И вот она, Урга. Но не та Урга, о которой он слышал – столица, место великого монастыря Гандантэгченлин, резиденция Богдо-гэгэна. Перед ним лежал оккупированный, растоптанный город. Вместо запаха благовоний и баранины – вонь нечистот, гари и страха. Серые стены домов облупились, многие здания несли следы пуль и пожаров. По улицам, вместо степенных горожан и монахов в шафрановых одеждах, сновали испуганные, оборванные люди с потухшими глазами. Над ними, как стервятники, кружили китайские солдаты в потрепанной форме.

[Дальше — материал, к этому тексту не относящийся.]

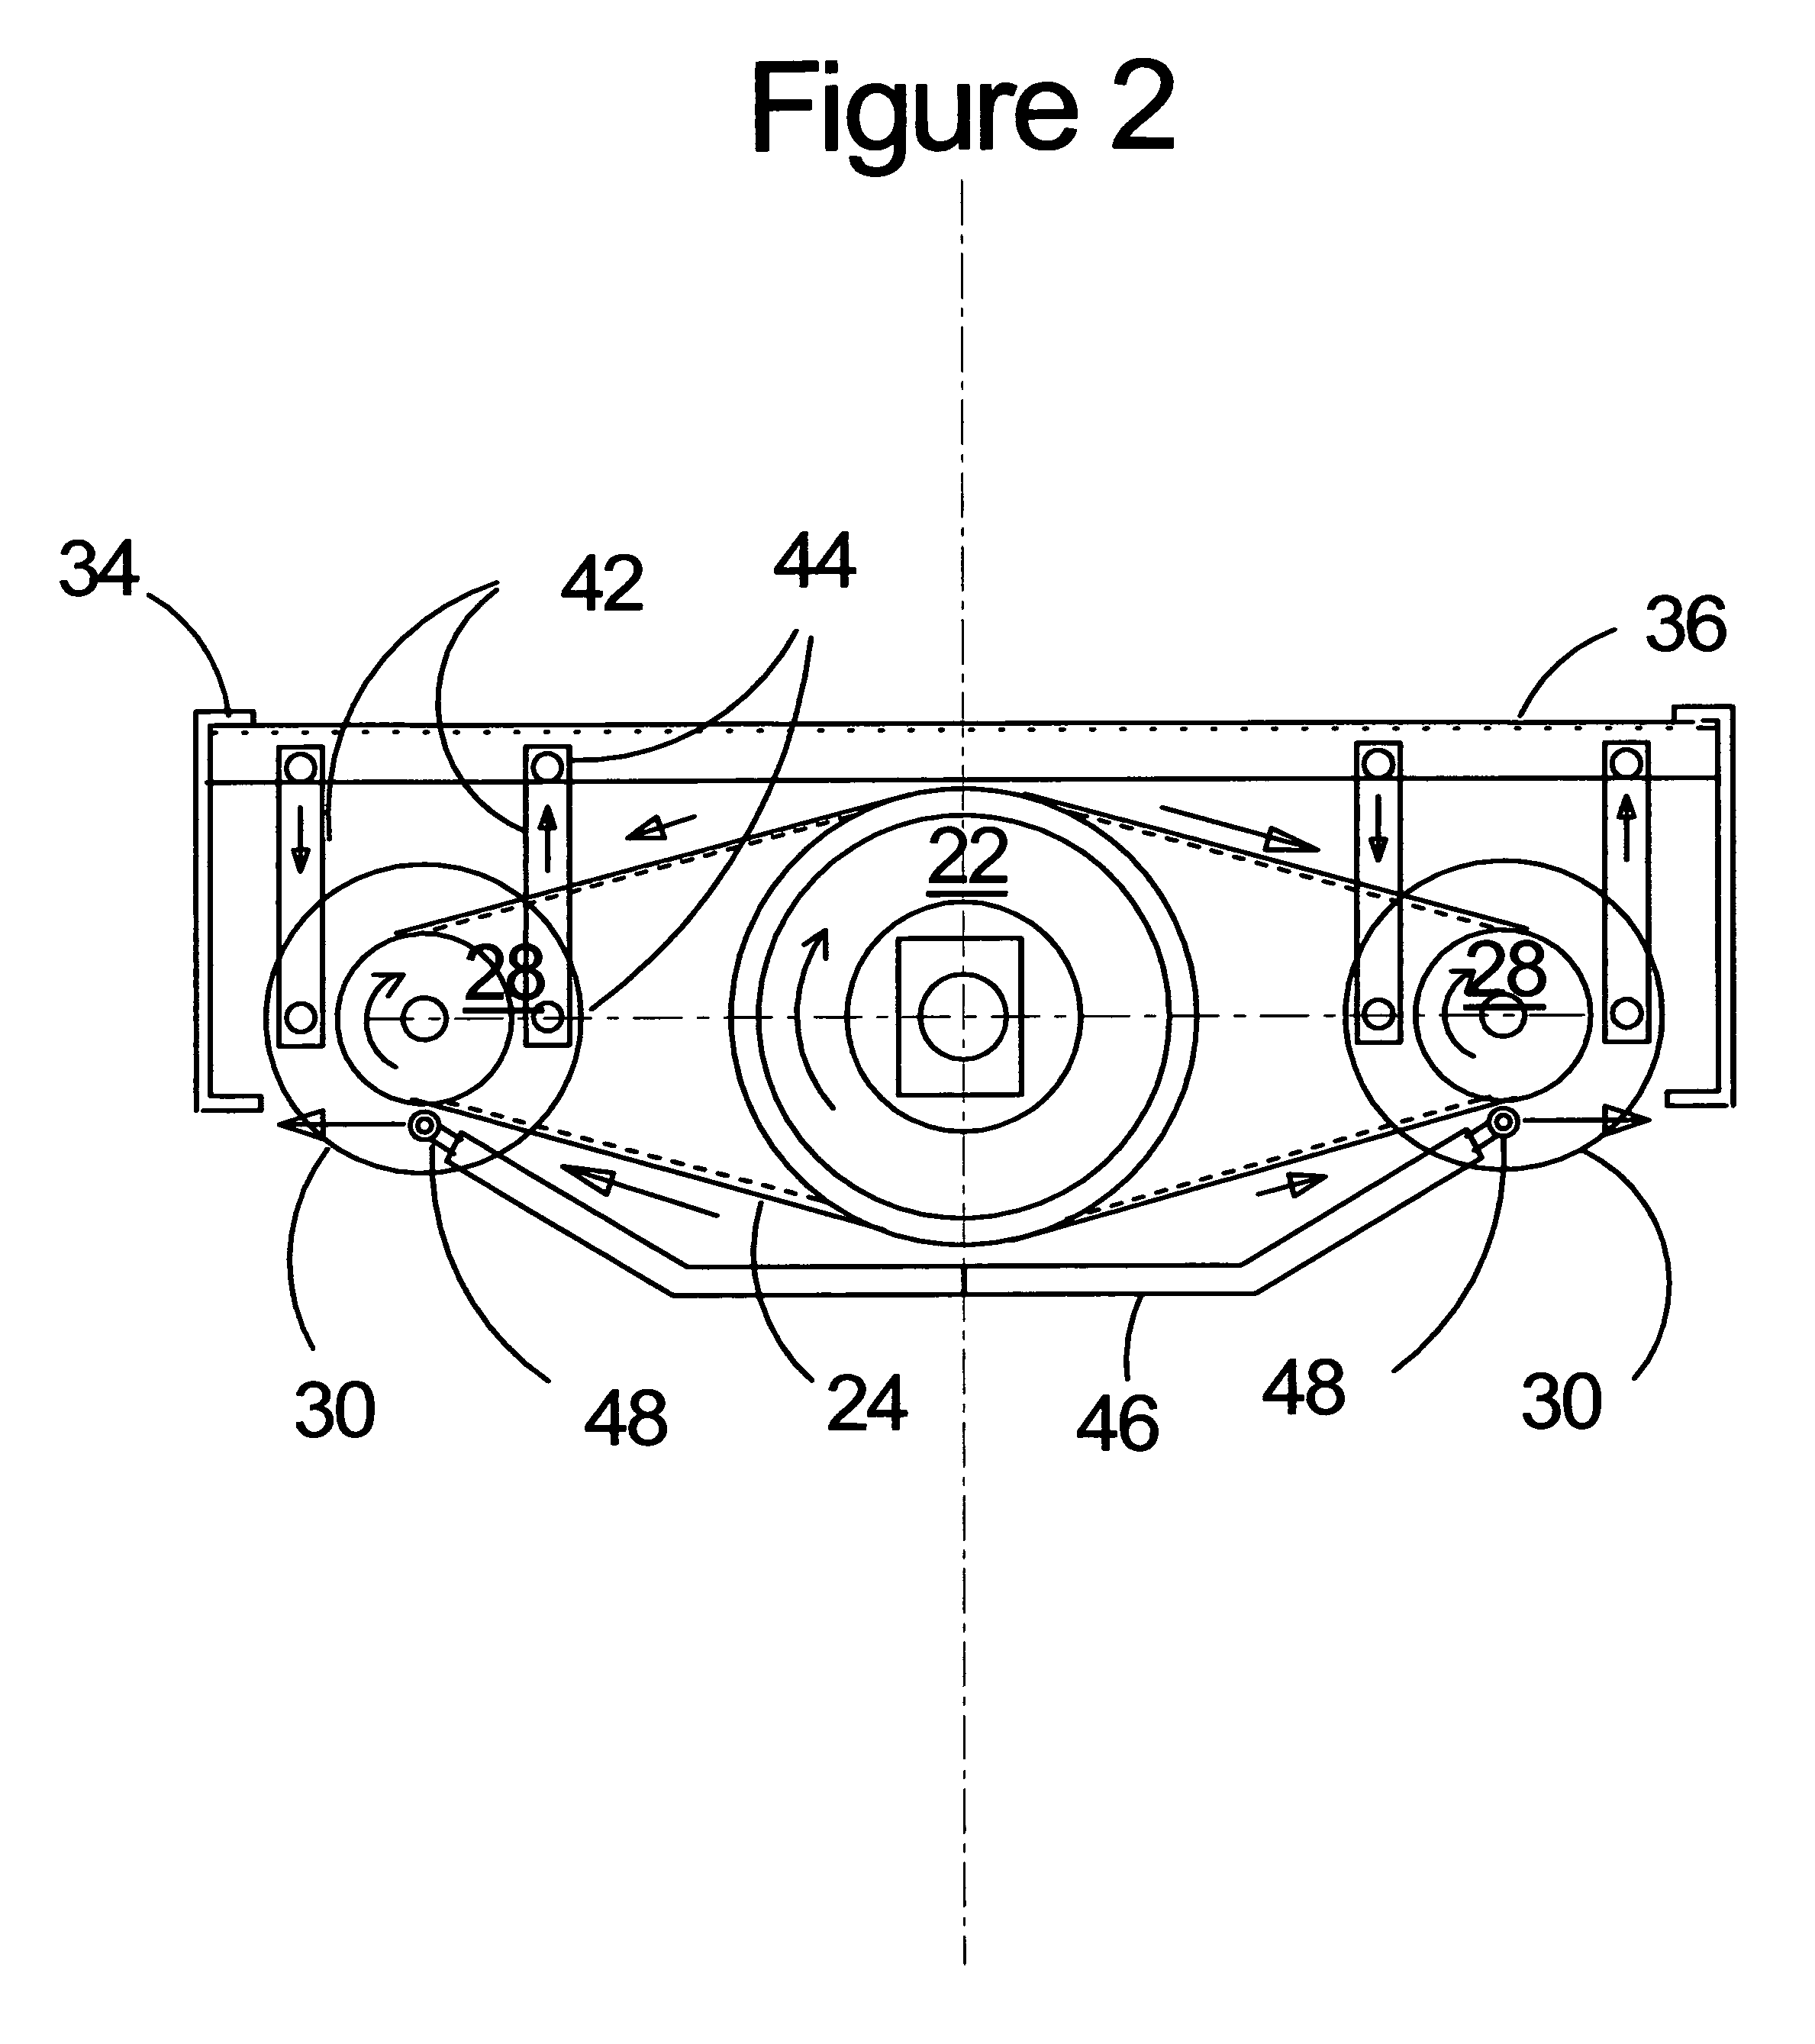 Balanced Belt or Chain Drive for Electric Hybrid Vehicle Conversion

Патрули шагали тяжело, с карабинами наперевес, их глаза вглядывались в толпу с тупой агрессией. На перекрестках висели облезлые приказы на китайском и кривом монгольском – о комендантском часе, о сдаче оружия, о новых налогах. Повсюду – нищета. Голодные дети копошились в мусоре, старики сидели у стен, протягивая пустые чашки.
Баяр вошел в этот ад, слившись с толпой отверженных. Его сердце бешено колотилось не только от боли, но и от ненависти и страха. Где здесь искать одного мальчика? Где скрывается Эрхич Морин, этот шакал в человечьем облике? Он чувствовал себя заблудившимся в этих городских джунглях, где каждый угол таил опасность.
Первые дни были кошмаром. Он скитался по грязным переулкам, прислушиваясь к разговорам, вглядываясь в лица. Спрашивал осторожно, шепотом, о мальчике, проданном недавно в рабство. В ответ – лишь испуганные покачивания головой, пожатия плечами, быстрый отвод глаз. Имя Эрхича вызывало немой ужас. «Не знаем», «Не видели», «Иди отсюда, не навлекай беду». Он видел, как солдаты срывали мешки с зерном у старухи, как избивали плетьми подростка за кражу лепешки. Видел, как на центральной площади, у подножия оскверненной статуи Будды, китайский офицер публично наказывал плетью связанного монгола за «неуплату налога». Крики боли смешивались с глухим ропотом толпы и хохотом солдат. Он видел богатые паланкины, которые несли мимо него по грязной улице – вероятно, китайских чиновников или купцов, наживающихся на оккупации. В одном из них мелькнуло сытое, надменное лицо в шелковой шапочке. У кого-то из таких он сейчас? – с горечью подумал Баяр, сжимая посох.
Силы таяли. Серебро уходило на черствый хлеб и ночлег в вонючем притоне, где на грязном полу ютились десятки таких же потерянных душ. Отчаяние начинало душить его, как удавка. Он уже почти не чувствовал боли в теле – она растворилась в огромной, всепоглощающей боли души. Где ты, Сэрэн? Жив ли?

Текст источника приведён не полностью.